Mensagem por Jonas Paulo Negreiros em 18th Setembro 2016, 12:03

Arthur McDonald:

“Mostramos que a física usada para a fusão nuclear na Terra é muito rigorosa”

Prêmio Nobel da Física 2015 está em Portugal para visitas e conferências sobre os neutrinos, partículas geradas no Sol que até há poucas décadas eram alvo de um grande mistério.

Como é apanágio dos físicos, um avanço científico sobre assuntos que para a maioria de nós são abstratos, para Arthur McDonald, de 73 anos, foi suficiente para alterar a sua ideia do Universo.

Em 2002, as experiências realizadas no Observatório de Neutrinos de Sudbury (SNO, sigla em inglês), no Ontário, Canadá, dirigido pelo físico, ajudaram a concluir que os neutrinos têm massa.

A descoberta deu a Arthur McDonald o Prêmio Nobel da Física de 2015, juntamente com o japonês Takaaki Kajita, responsável pelo Super-Kamiokande, um observatório de neutrinos no Japão, onde se realizaram experiências com resultados semelhantes.

A entrevista é de Nicolau Ferreira, publicada por Público, 08-09-2016.

Os neutrinos são uma das partículas básicas do universo. Estão por todo o lado, mas interferem muito pouco com a matéria.
Por isso, são difíceis de se detectar.

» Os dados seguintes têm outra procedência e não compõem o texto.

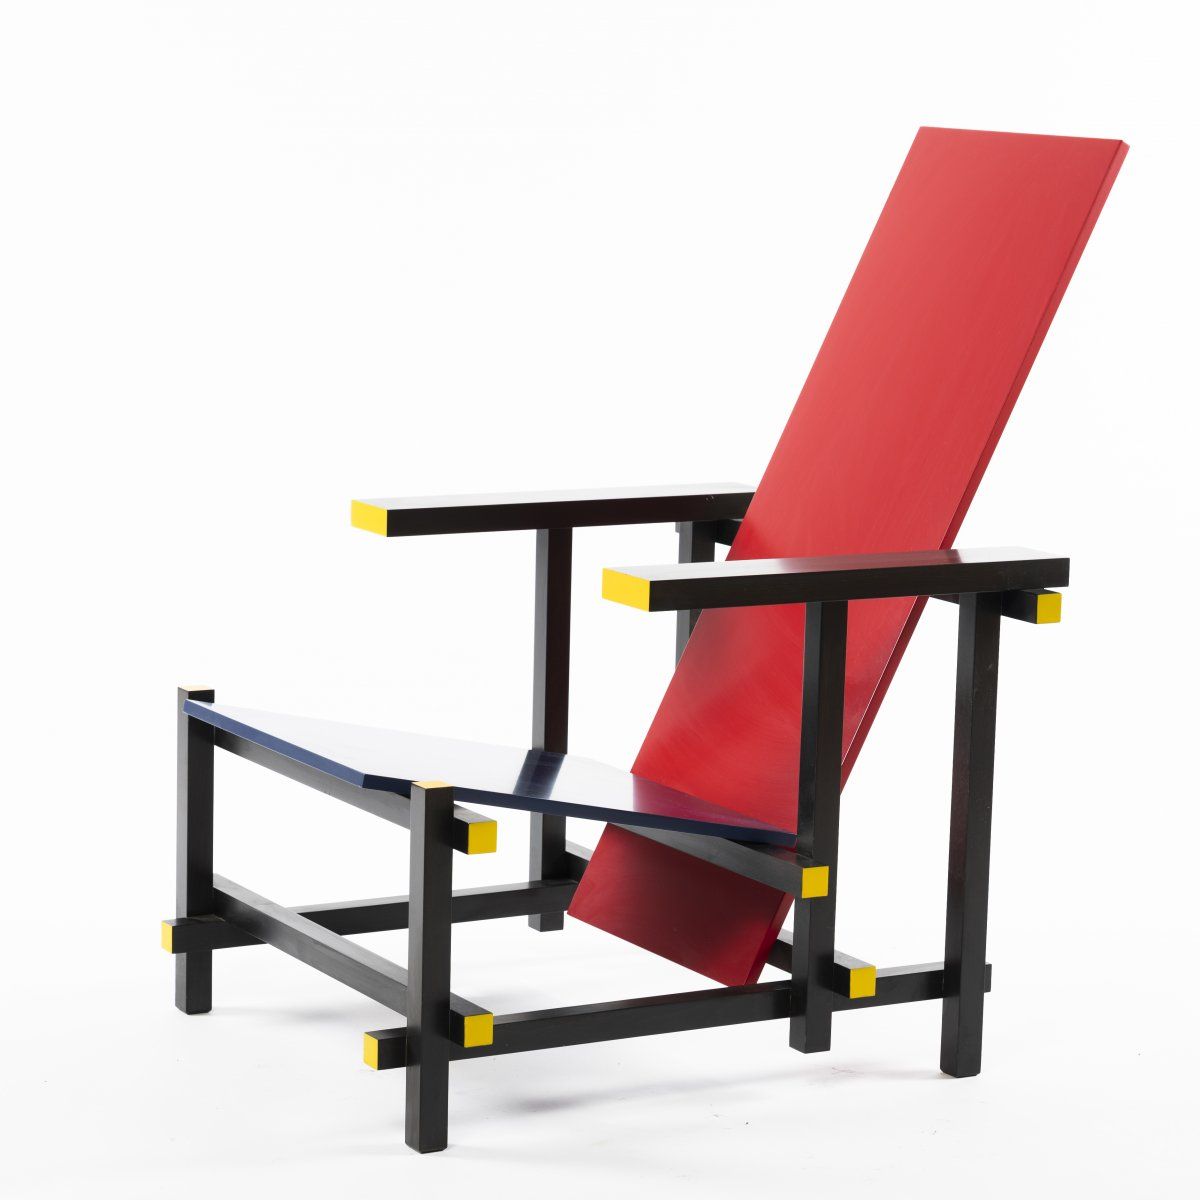 Null Gerrit Th. Rietveld , 'Red and Blue' chair, 1918, H. 88 x 65.5 x 82 cm. Mad&hellip;

Estas partículas são produzidas nas reações nucleares do Sol.

Durante décadas os neutrinos estavam na origem de um quebra-cabeças para os físicos: o número emitido pelo Sol, segundo os modelos, não batia certo com o número observado na Terra.
A descoberta das equipas de Takaaki Kajita e Arthur McDonald explicou a diferença.

Desde o prêmio, o físico passou a visitar os países com que colabora no SNO. É por isso que o encontramos em Lisboa, na Embaixada do Canadá, para uma semana de conferências e visitas que termina esta quinta-feira na Universidade do Minho, em Braga, onde foi convidado pelo Laboratório de Instrumentação e Física Experimental de Partículas (LIP) para abrir a 20ª Conferência Nacional de Física.

Alguns cientistas do LIP trabalharam na experiência do SNO e estão envolvidos no próximo projeto do observatório, o SNO+. O físico português José Maneira é o líder no LIP para o SNO+.

Durante a entrevista, Arthur McDonald não se cansou de falar sobre esta colaboração. “Apesar do Nobel ter sido atribuído a uma pessoa, estou consciente de que represento 270 cientistas”, disse-nos, antes das perguntas começarem. Na conversa, atravessamos a Terra, o Sol e os átomos para compreender mais um momento “eureka!” da ciência que nos explica o Universo.

Eis a entrevista.

O que são neutrinos?
Há três partículas que são os tijolos básicos da natureza: os electrões, os quarks e os neutrinos. Destas, os neutrinos são os mais difíceis de observar porque só sentem a força fraca [uma das quatro forças da natureza com a gravidade, o electromagnetismo e a força forte]. Por isso, os neutrinos podem atravessar uma quantidade enorme de material sem serem parados. Para eles, os átomos são espaços maioritariamente abertos.
Os neutrinos são muito valiosos para se perceber o que está a acontecer no núcleo do Sol, porque as reações nucleares no Sol emitem uma quantidade enorme de neutrinos. Tivemos de construir um detector com o tamanho de um prédio de dez andares para observar um neutrino por hora.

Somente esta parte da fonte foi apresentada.